[[ Information shown open ]]
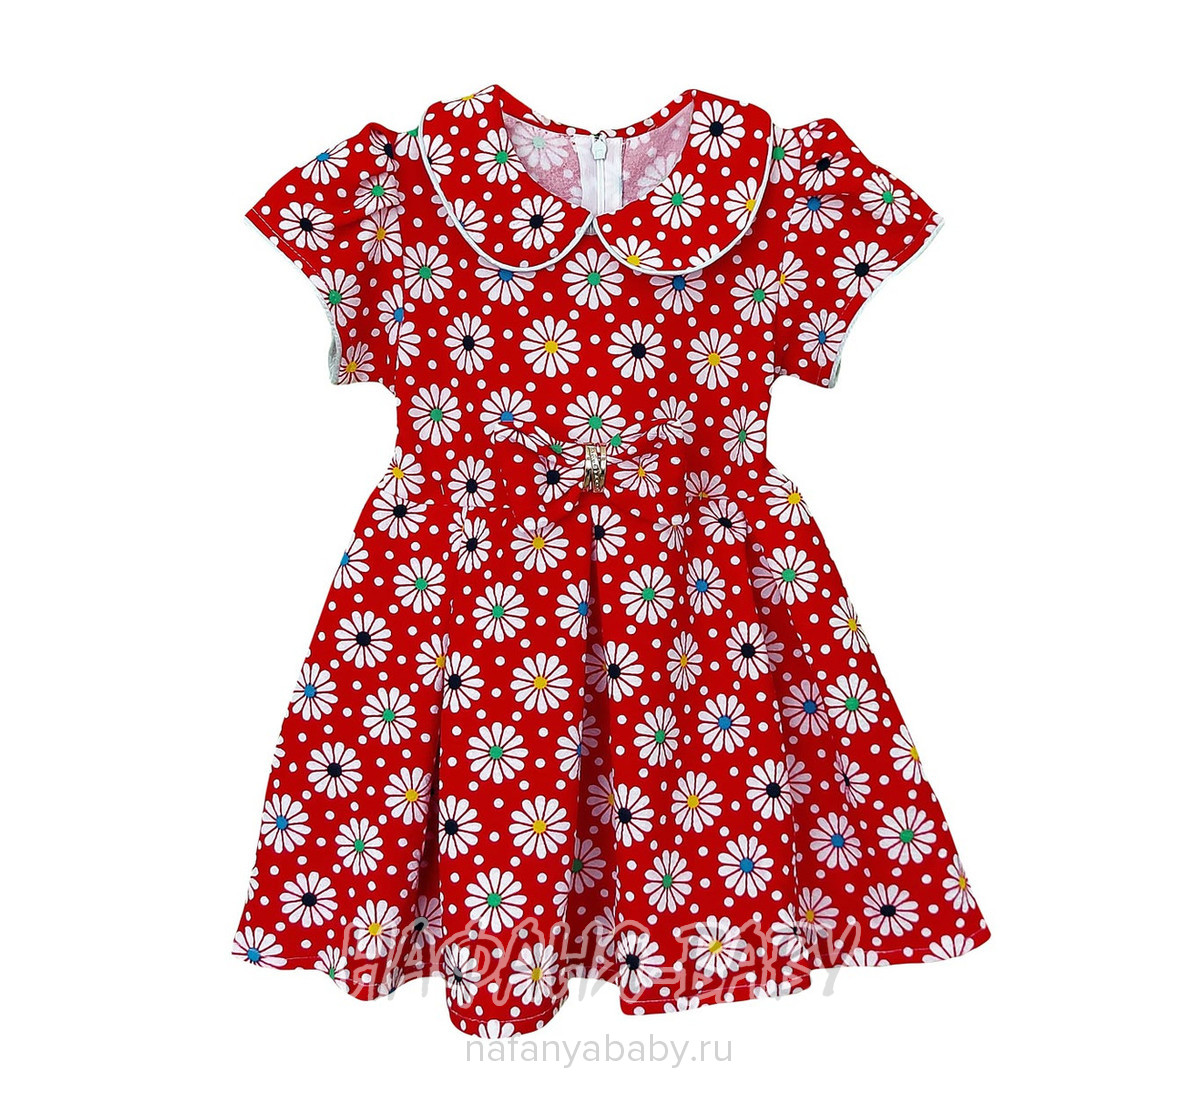 Детское платье KGMART арт: 2199, 1-4 года, 5-9 лет, оптом 
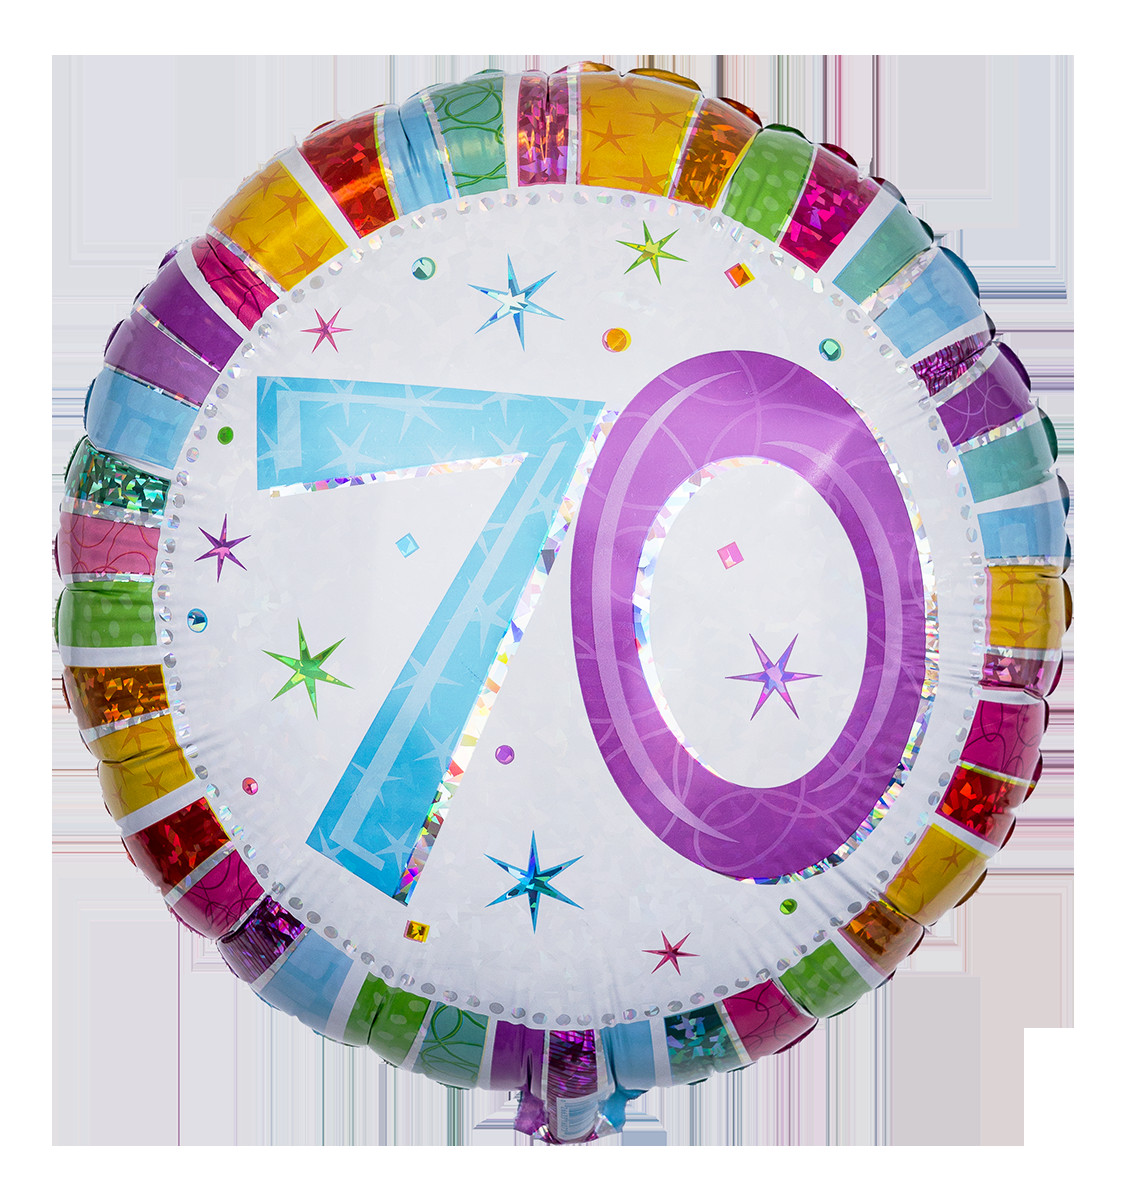 Geburtstagswünsche 70 Geburtstag
 Verschicken Sie Ballongrüße zum 70
[[ Information shown closed ]]
### [What is required]
All of the data above should be quoted exactly, except for the pictures.

### [Answer for this exercise]
 Детское платье KGMART арт: 2199, 1-4 года, 5-9 лет, оптом 
 Geburtstagswünsche 70 Geburtstag
 Verschicken Sie Ballongrüße zum 70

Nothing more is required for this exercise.